Determine the length of the missing side, if possible.

Answer:

a^{2}+9^{2}=14^{2}

a^{2}+9^{2}-9^{2}=14^{2}-9^{2}

a^{2}=14^{2}-9^{2}

a^{2}=196-81

a^{2}=115

The number of units of the side is given by the positive number a that satisfies a^{2}=115.

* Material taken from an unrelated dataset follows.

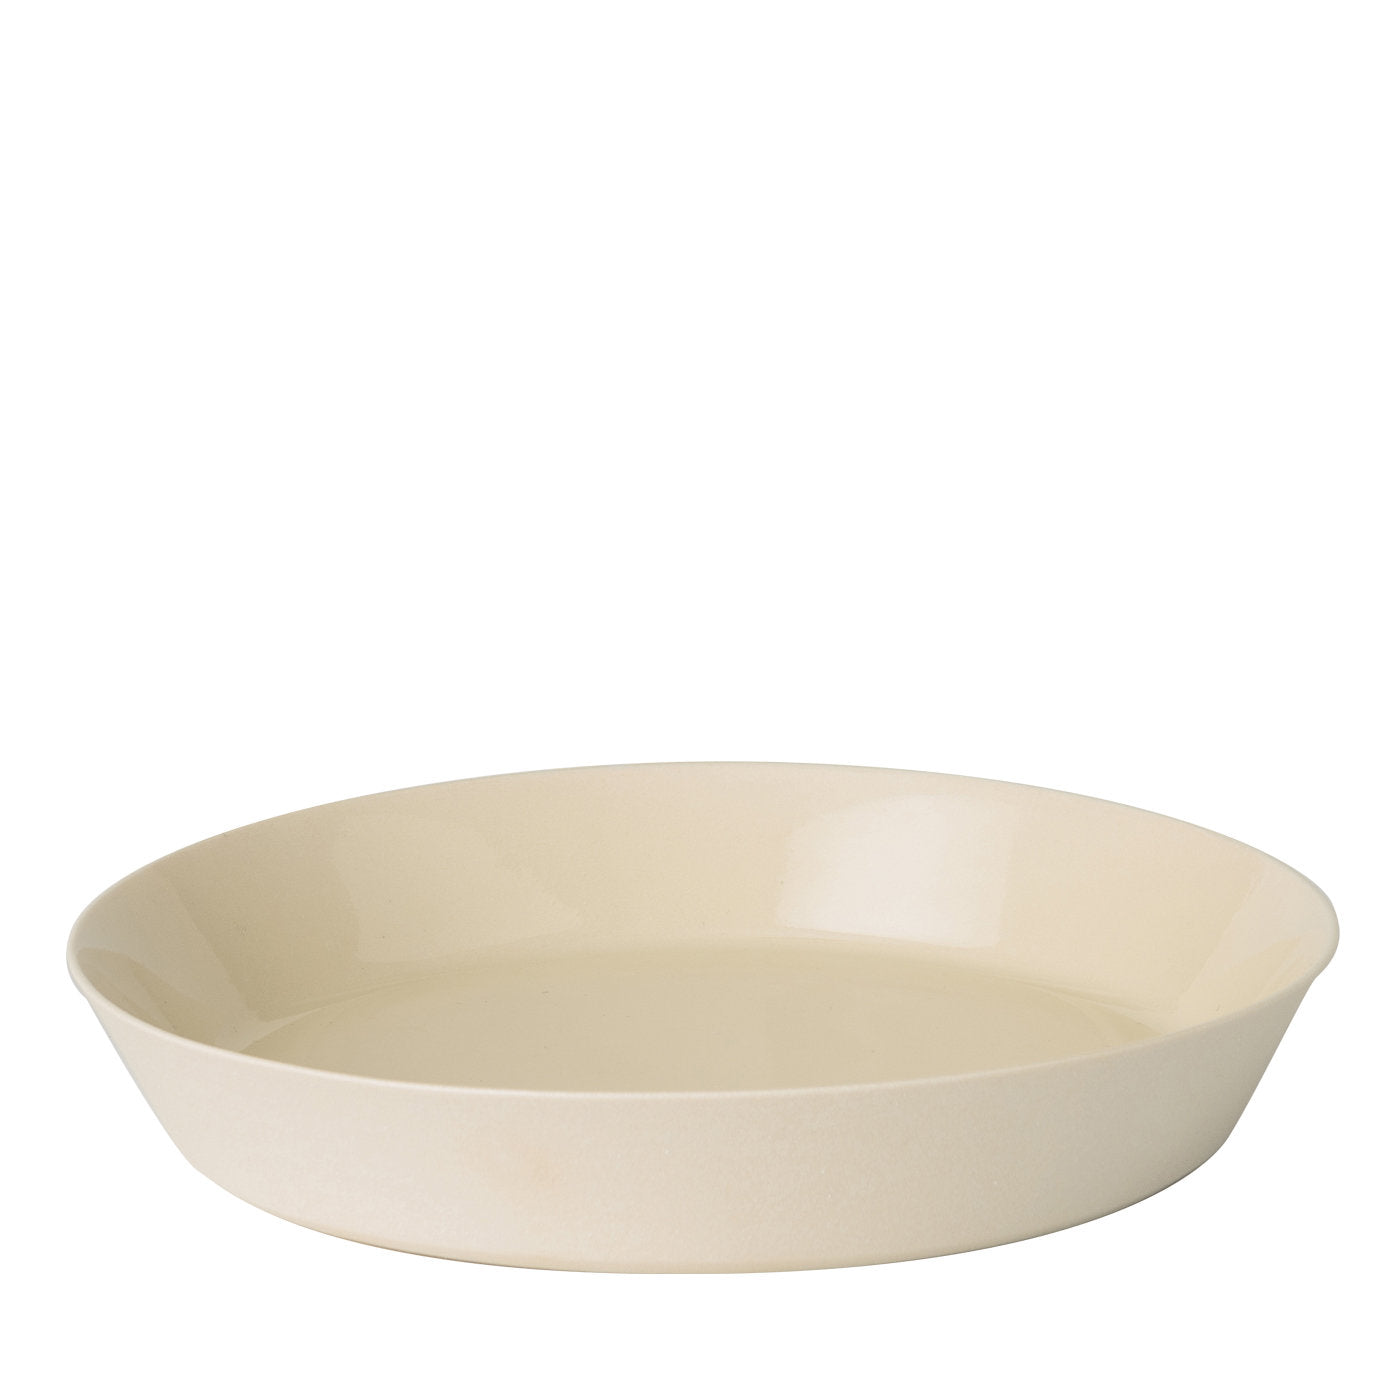 Set of 4 White Ceramic Pasta Bowls - Main view

### Eureka Math Grade 8 Module 2 Lesson 16 Exit Ticket Answer Key

Question 1.

Find the length of the missing side of the rectangle shown below, if possible.

Answer:

Let the length of the unknown leg be a units. Then,

a^{2} +7^{2} =12^{2}

a^{2} +7^{2} -7^{2} =12^{2} -7^{2}

a^{2} =12^{2} -7^{2}

a^{2} =144-49

a^{2} =95.

The number of units of the side is given by the positive number a that satisfies a^{2} =95.

Question 2.

Find the length of all three sides of the right triangle shown below, if possible.

Answer:

The two legs are each 5 units in length. If the hypotenuse is c units in length, then c is a positive number that satisfies

5^{2}+5^{2}=c^{2}

25+25=c^{2}

50=c^{2}.

The length of the hypotenuse is given by the positive number c that satisfies c^{2} =50 units.